■ **Supplied data**:
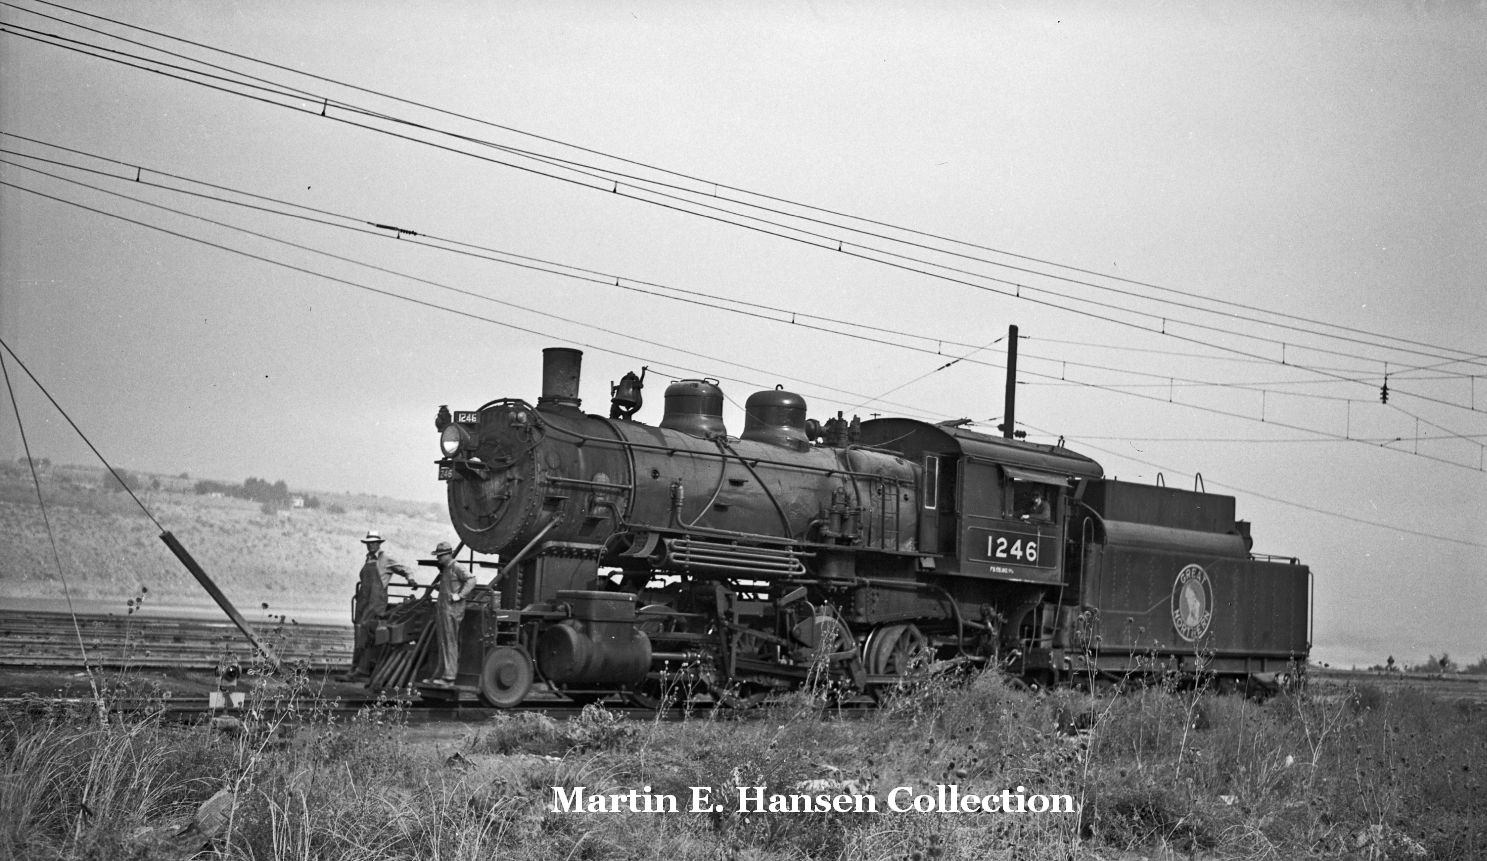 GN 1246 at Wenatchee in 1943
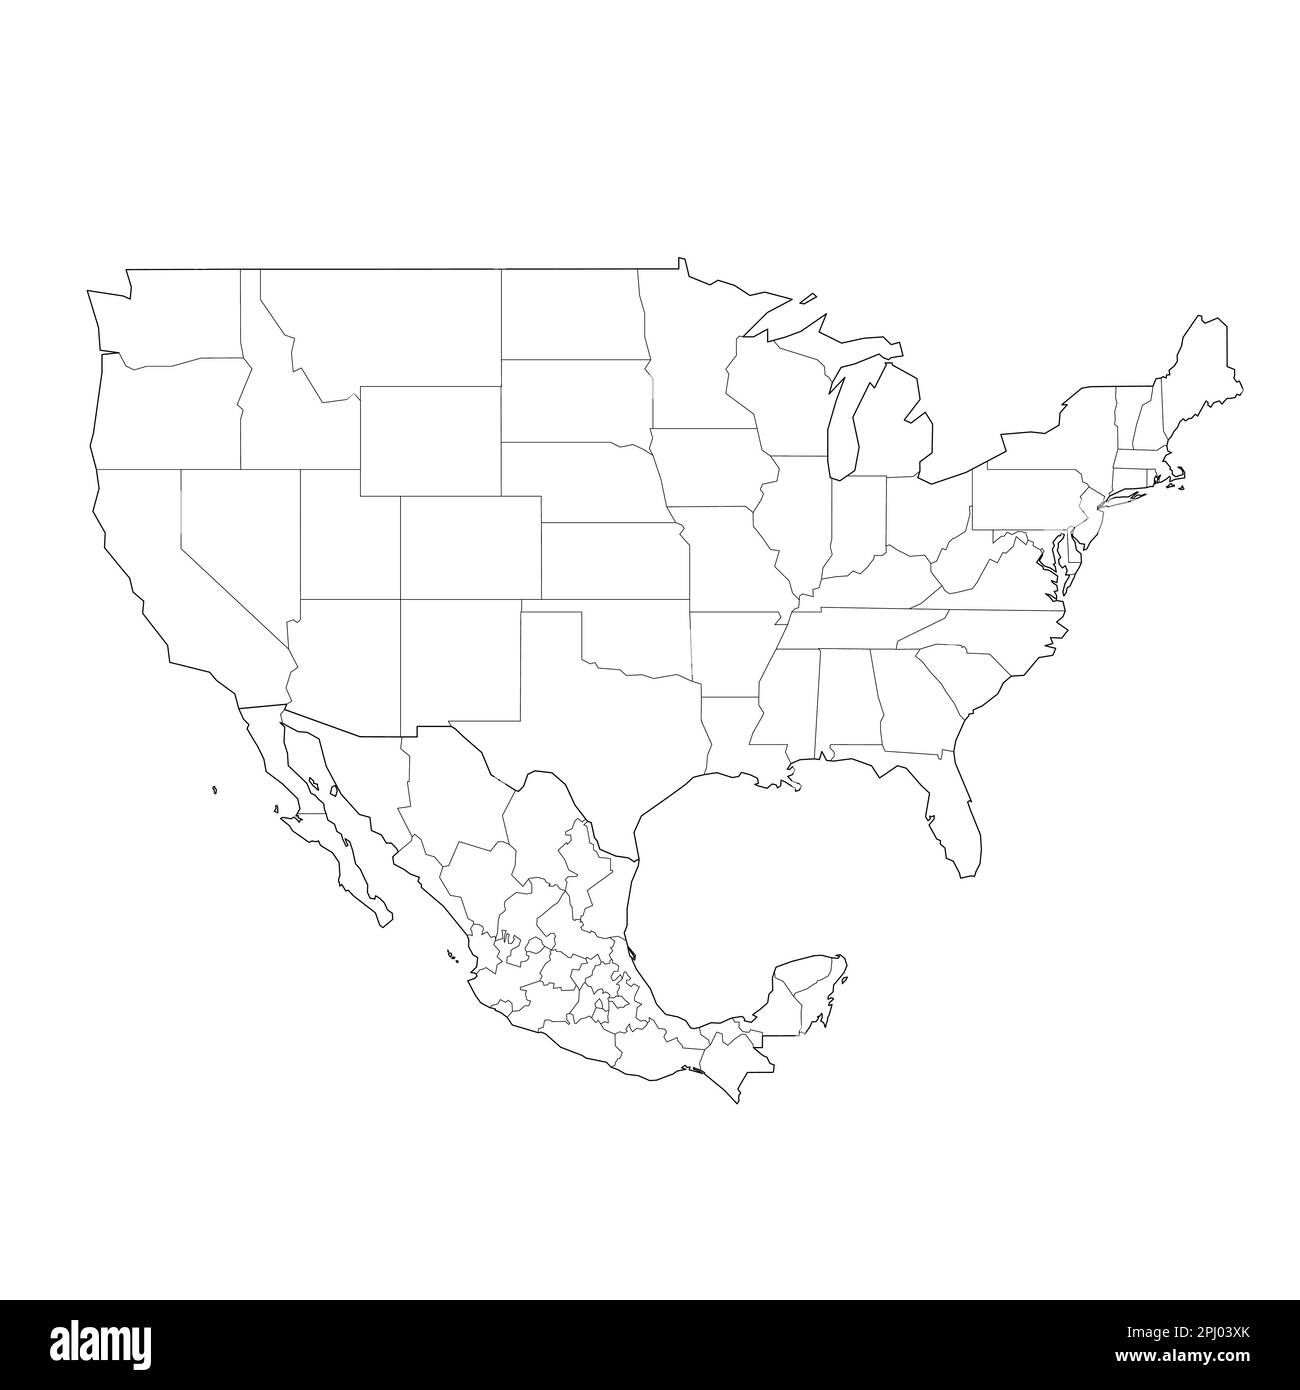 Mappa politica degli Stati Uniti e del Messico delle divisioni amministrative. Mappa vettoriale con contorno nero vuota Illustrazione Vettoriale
...
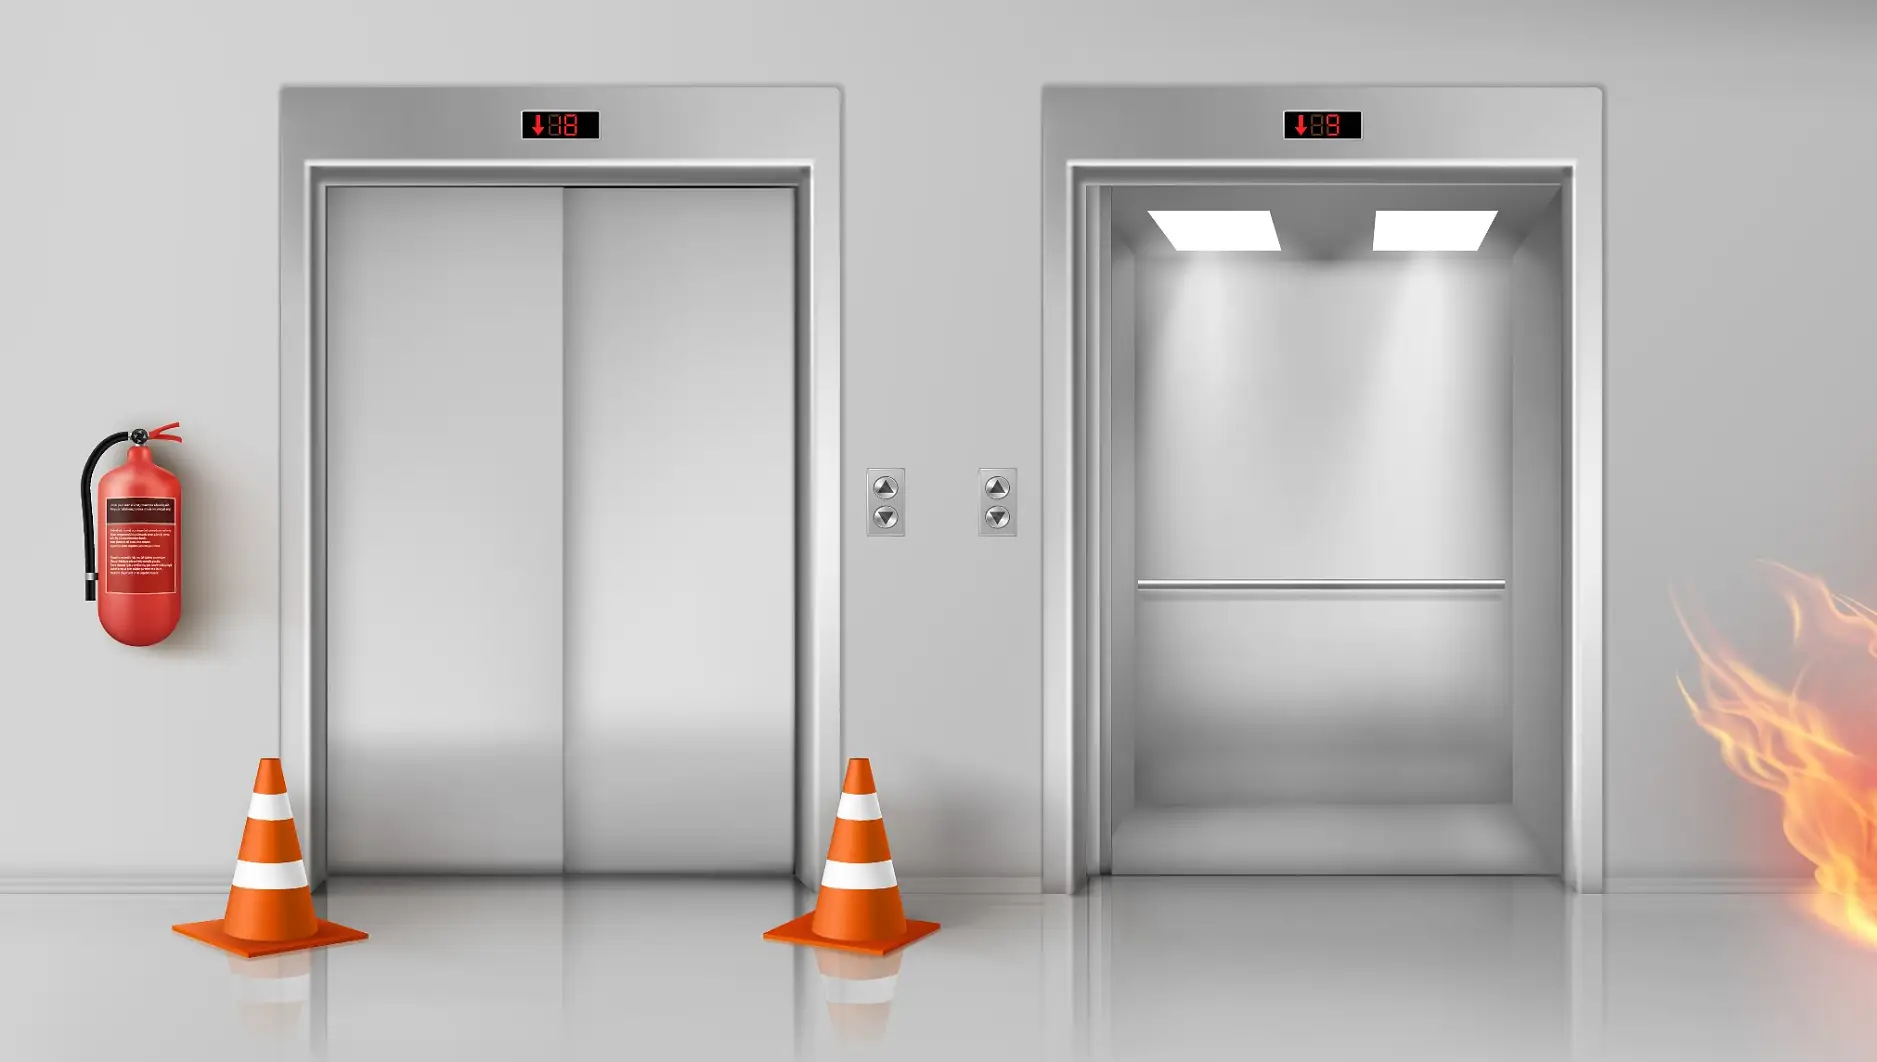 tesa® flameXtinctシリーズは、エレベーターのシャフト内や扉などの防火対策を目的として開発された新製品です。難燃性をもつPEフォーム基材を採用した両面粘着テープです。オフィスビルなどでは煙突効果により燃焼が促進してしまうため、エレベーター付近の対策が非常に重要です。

■ **What to produce**: Using the material above, transcribe exactly the lines from the one holding "GN 1246 at Wenatchee in 1943" to the one holding "Mappa politica degli", both ends kept. Do not carry over any pictures.

■ **Your solution**:
 GN 1246 at Wenatchee in 1943
 Mappa politica degli Stati Uniti e del Messico delle divisioni amministrative. Mappa vettoriale con contorno nero vuota Illustrazione Vettoriale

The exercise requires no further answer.